Hirth also hopes to get input in the stakeholder survey from accounting organizations, along with companies, chief risk officers and CFOs. “We hope that the AICPA, which is one of our sponsoring organizations, and the accounting firms large and small, will give us feedback as well,” he said. “A rich diversity of feedback is what we want, because with these frameworks we try to be helpful to every kind of organization, from the small owner-managed business to the not-for-profit organizations and the government entities and the big large public companies as well as the companies that want to go public. We want input from lots of people.”

Abundance of Risks
Besides technology changes, the new framework may reflect some of the lessons learned from the failure of risk managers to properly take into account risks in areas such as subprime mortgages before the financial crisis.

“The framework is intended to bring the thinking up to date, including lessons learned from those types of events, but also experiences where the framework has done extremely well in helping organizations identify, assess, manage and mitigate enterprise-level risks,” said Chesley. “I think it’s a combination of what’s worked well, what needs to work better, and what lessons learned do we have. Since the groundbreaking moment in 2004 when the ERM framework was first published, what have organizations learned, both positive and negative, and how do we bring that into the construct of the new framework to help industries in general move forward in their thinking about how to manage enterprise risk?”

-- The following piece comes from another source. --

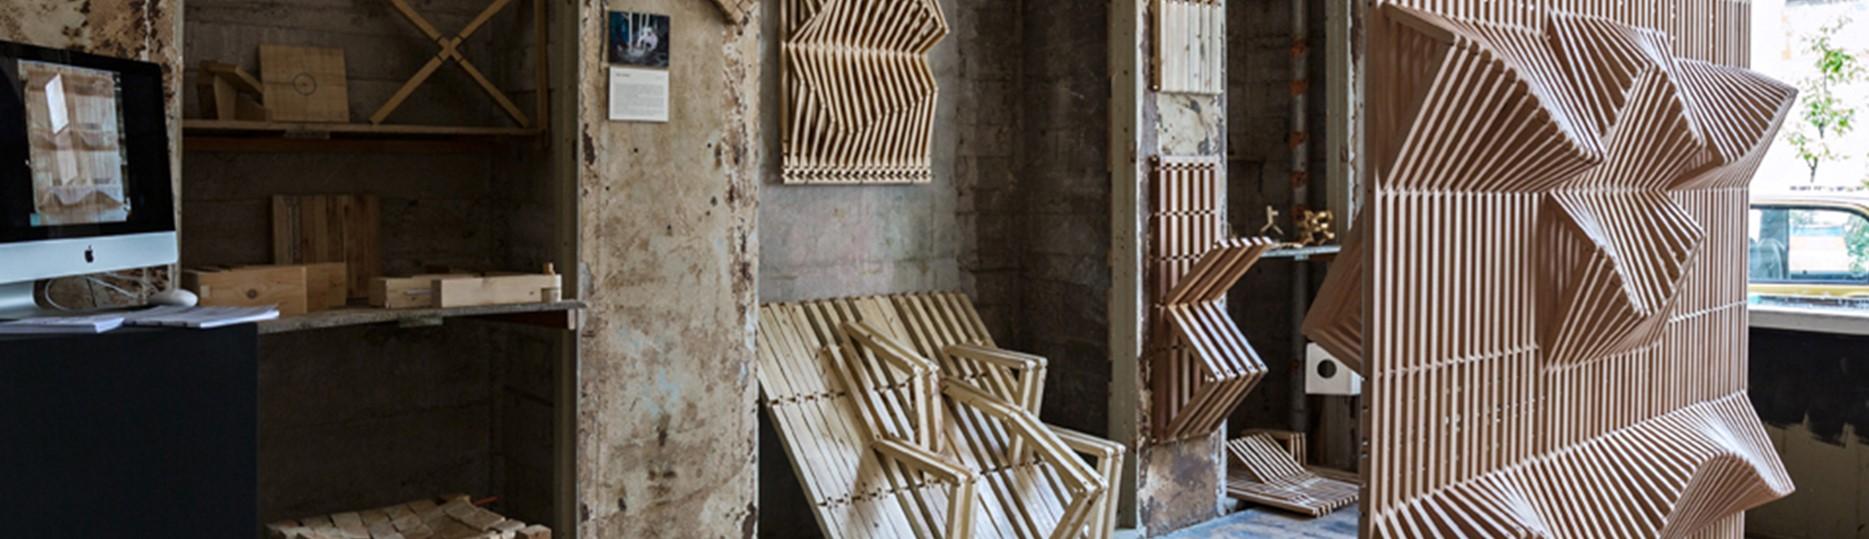 Interior Architecture Research And Design
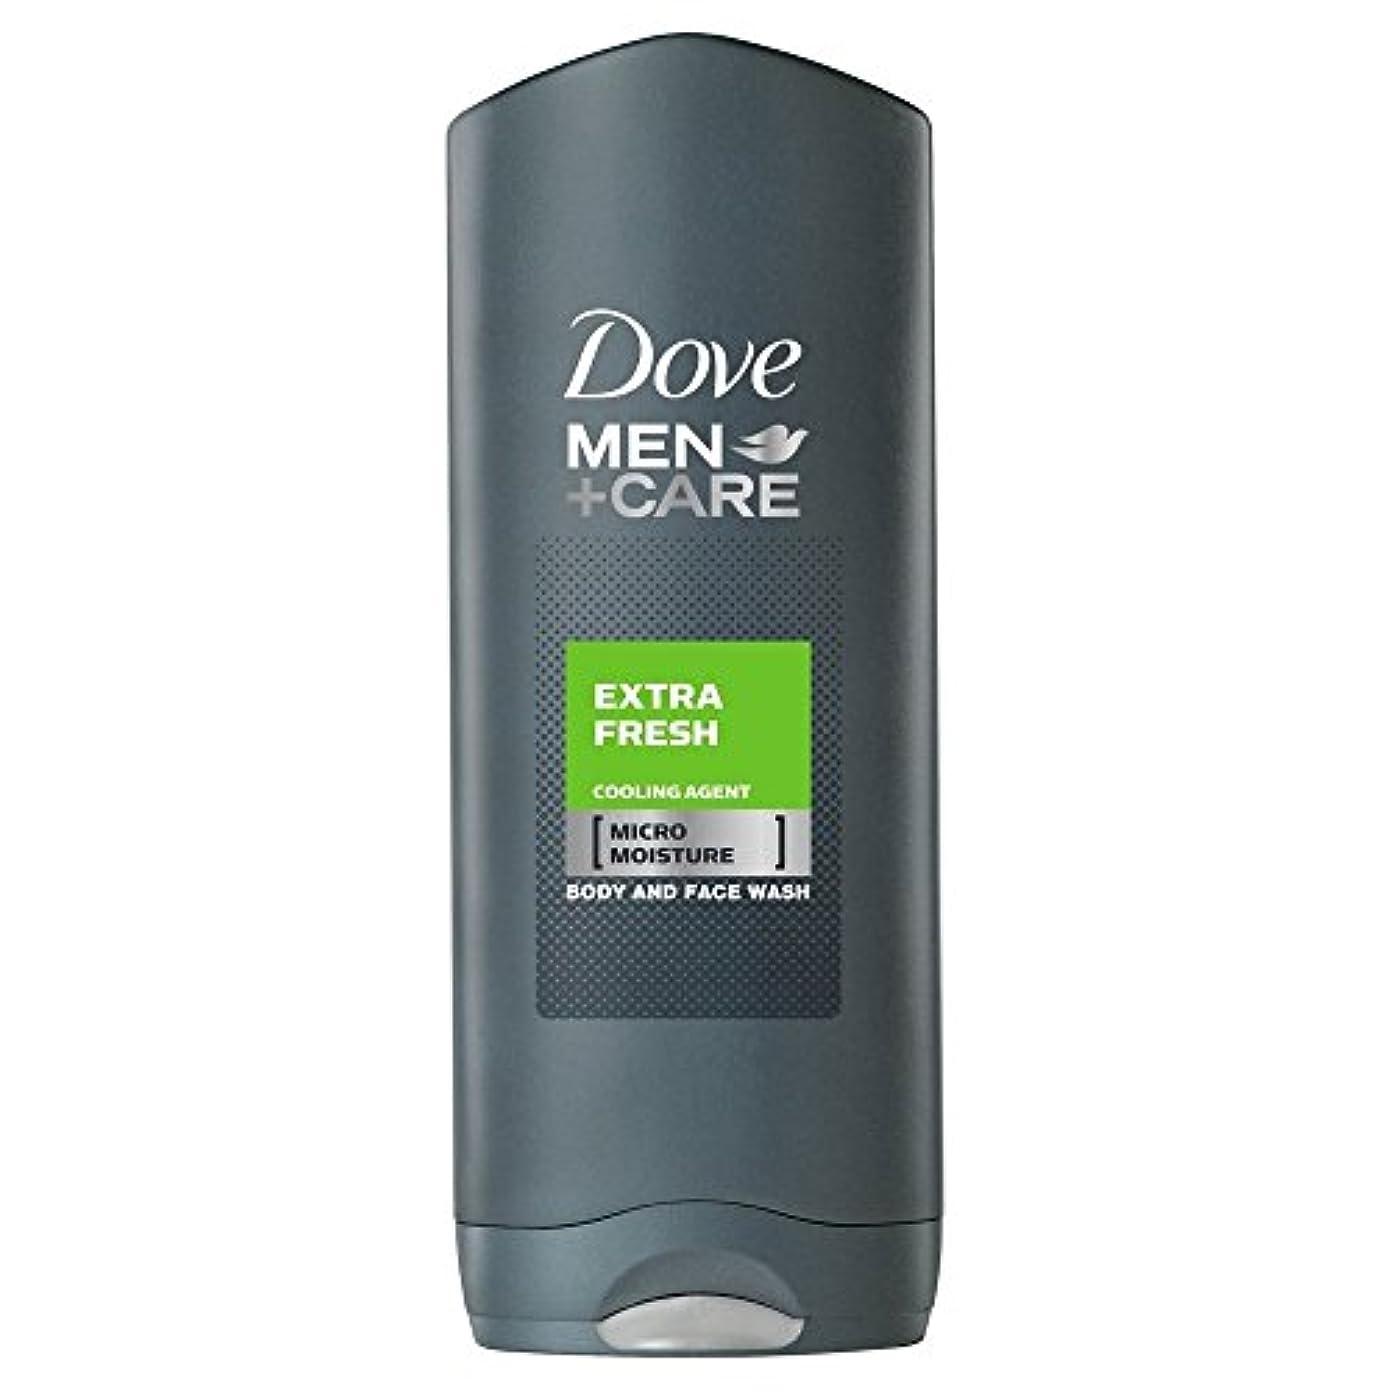 記事荒野キャンバスDove Men + Care Body & Face Wash - Extra Fresh (250ml) 鳩の男性は+ボディと洗顔ケア - 余分な新鮮な( 250ミリリットル)を [並行輸入品]

Other areas that might come up in the feedback are risks such as fraud, cybercrime, over-leverage, and credit risk, but Martens does not want the framework to be too proscriptive. “One of the things that we’ve been cautious of in the framework is trying to get overly proscriptive around exactly how to manage individual risks,” he said. “We think it’s important that management have a framework that provides them with context and insights around what to do. We have always provided in frameworks illustrations and examples, but we’re not trying to make this proscriptive in terms of what management needs to do. It’s a framework. But certainly things like technology, cybercrime, fraud and other broad sweeping trends that we see around demographics and globalization are things that companies need to be aware of. We think the framework can help them be aware of those and develop mitigation strategies, but we need to leave control in the hands of management.”